Reducing the Olympics carbon emissions is a goal shared by the International Olympic Committee and athletes alike. One such athlete is Andy Newell, one of many Vermonters who will be representing Team USA in PyeongChang as a member of the Olympic cross-country ski team.
“Embracing sustainability is something we all need to see as important if we value the future of winter sports,” Newell told G.E.T. in a recent interview. “In my opinion, it’s all about finding the balance between reducing our footprint (as winter athletes) and consuming less but not neglecting an industry than needs innovation.”
Newell says that ski resorts could, in theory, stop making snow and stop grooming the trails completely in order to significantly reduce the industry’s carbon footprint but snow sports as a whole would suffer due to the subsequent lack of accessibility and interest. According to Newell, one of the best ways for winter athletes to enact change is by using their platform to spread environmental awareness to young people.
“I often visit high schools on behalf of Protect Our Winters,” Newell said. “These kids are the ones who will be voting in just a few years and if I can connect with them, it has the potential to have the biggest impact and create the cultural shift towards sustainability that we so desperately need in the U.S.”
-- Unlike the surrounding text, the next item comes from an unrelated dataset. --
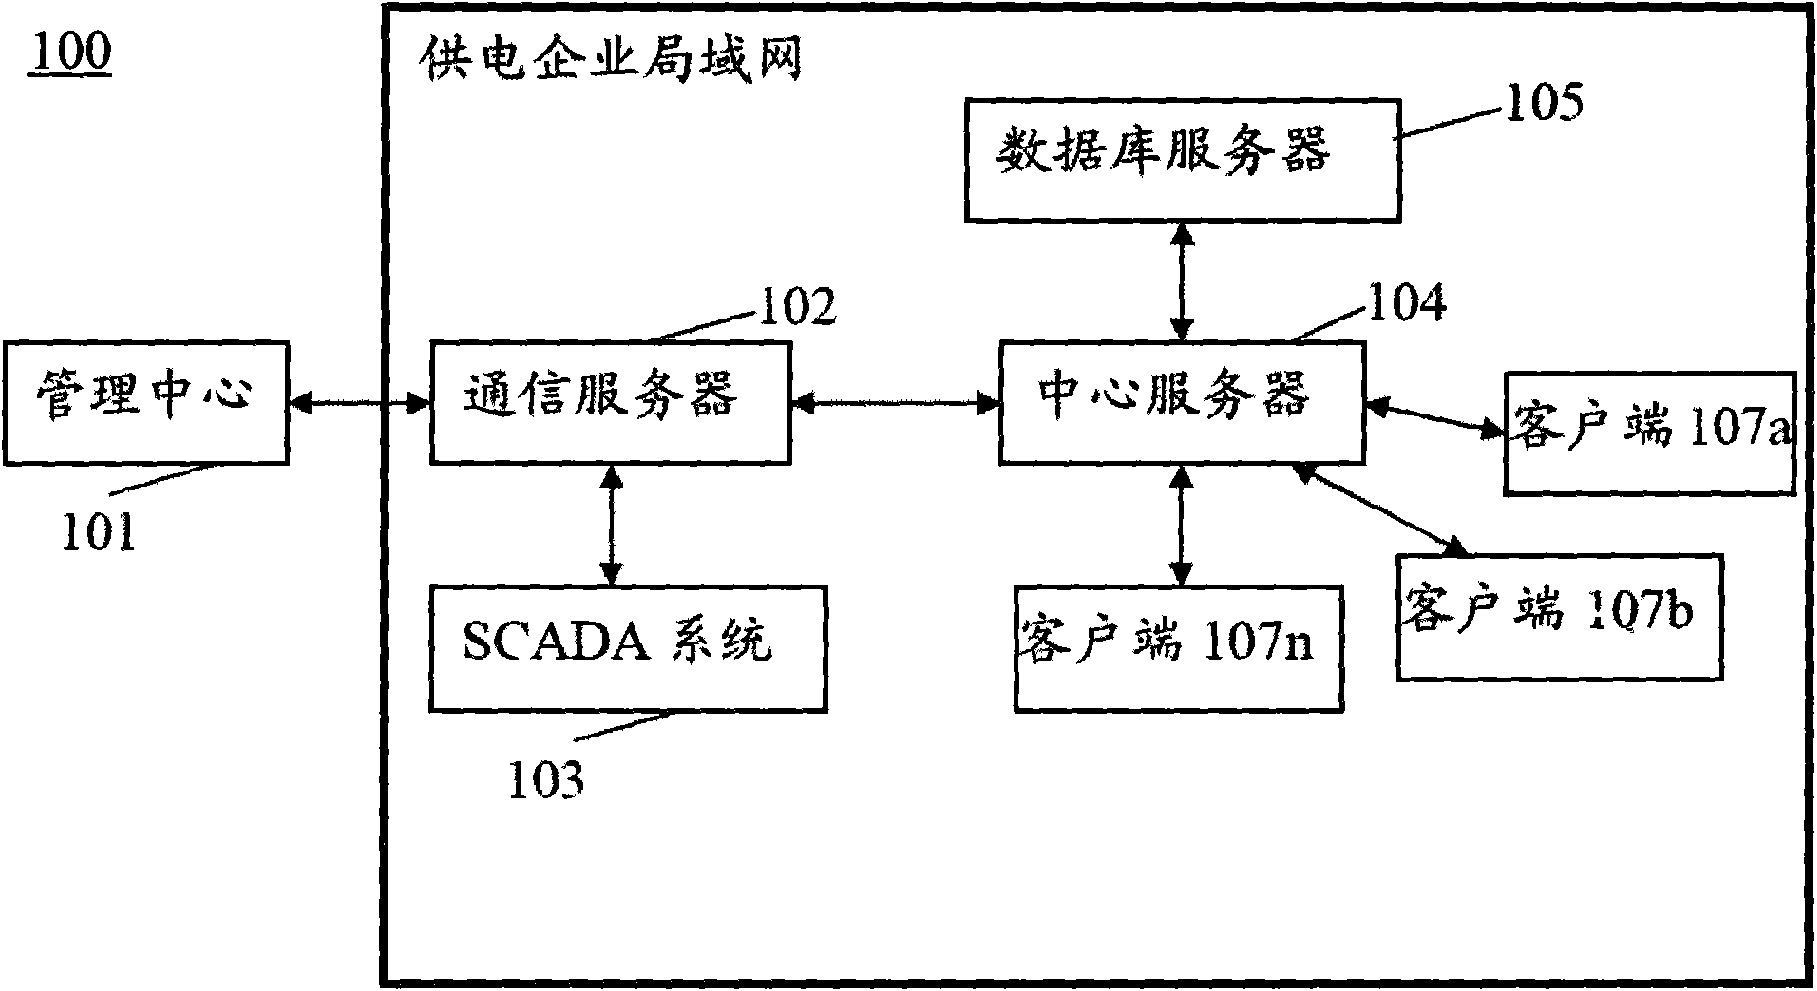 Method for monitoring and managing electrical energy quality of electric distribution network

In addition to being a celebration of skill and culture, hopefully this year’s Winter Olympics will serve as a reminder to viewers worldwide that, although our athletes compete against international athletes, we are really all on the same team. Regardless of nationality, it’s up to all of us to support one another as we develop and implement solutions, both creative and commonsense, for the hefty environmental challenges we as a species face in professional sports and beyond.
Best of luck to all members of Team USA!